Now, personally, I don't often see a use for the 'multiple-closures-with-shared-bindings' technique. In cases where this would be useful, I would usually define a class and methods. But I guess there might be simple cases where this lighter-weight approach (in terms of amount of source code and conceptual overhead, at least) might seem preferable. This toy example does, I think, demonstrate all of the fundamental characteristics of closures, including how simple they are to create.

-- DanMuller

Thank you for the example and explanation. I have not yet given your description enough thought to justify comment really but I cannot help but think that the concept of blocks you describe in brackets above is closer to the english word closure, while the example shows exposure of variables in other blocks. More openure than closure. (-- PeterLynch?)

Hehe, I like that, an 'openure'. And some of the detractors will no doubt now come along with a reference to 'man-ure', but since closures are so simple to create, they're more like 'auto-ures'. :)

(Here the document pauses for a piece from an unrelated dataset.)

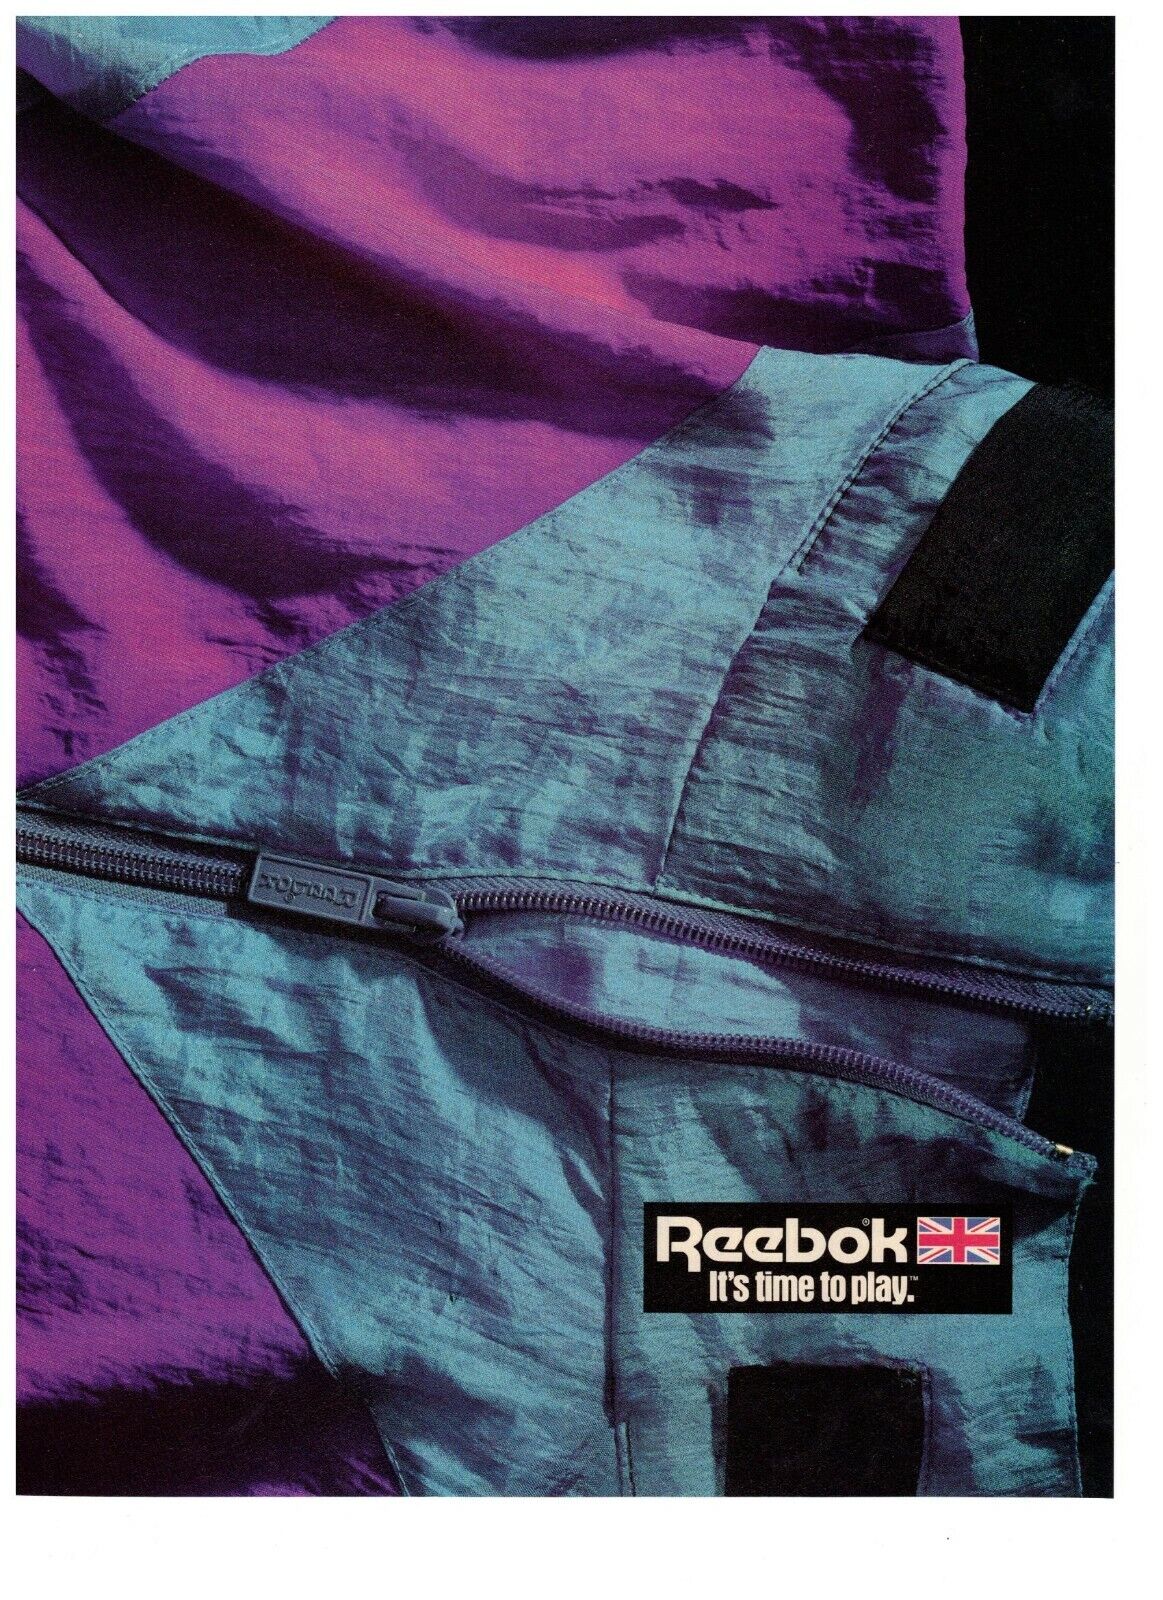 Reebok Time to Play Zipper Jacket Blue Purple Vintage 1988 Print Ad

Perhaps you won't find the term so odd if you focus on the bindings. A closure 'closes over' the lexically visible bindings and includes references to them inside the function object, which you can think of as an opaque, or 'closed', object. Works for me, anyway.

It might be worth mentioning that language implementations typically optimize away unreferenced lexical bindings, AFAIK, so supporting closures doesn't have to be terribly heavyweight in the typical cases where you're actually referring to zero or very few outer bindings.

Although confusing when first encountered, once they click for you, they seem quite natural and simple to use.

-- DanMuller

Auto-ure gives me an inkling of a conceptual framework which I hope will fit - that of automation - closure appears to make what I think traditionally of as passive, active. It adds a level of automation at the bottom, available for almost arbitrary application. The idea of passing not the command, but the procedure for achieving the task. Anyway I hope I will see it more clearly. Your input has helped, or is it encouraged, me greatly.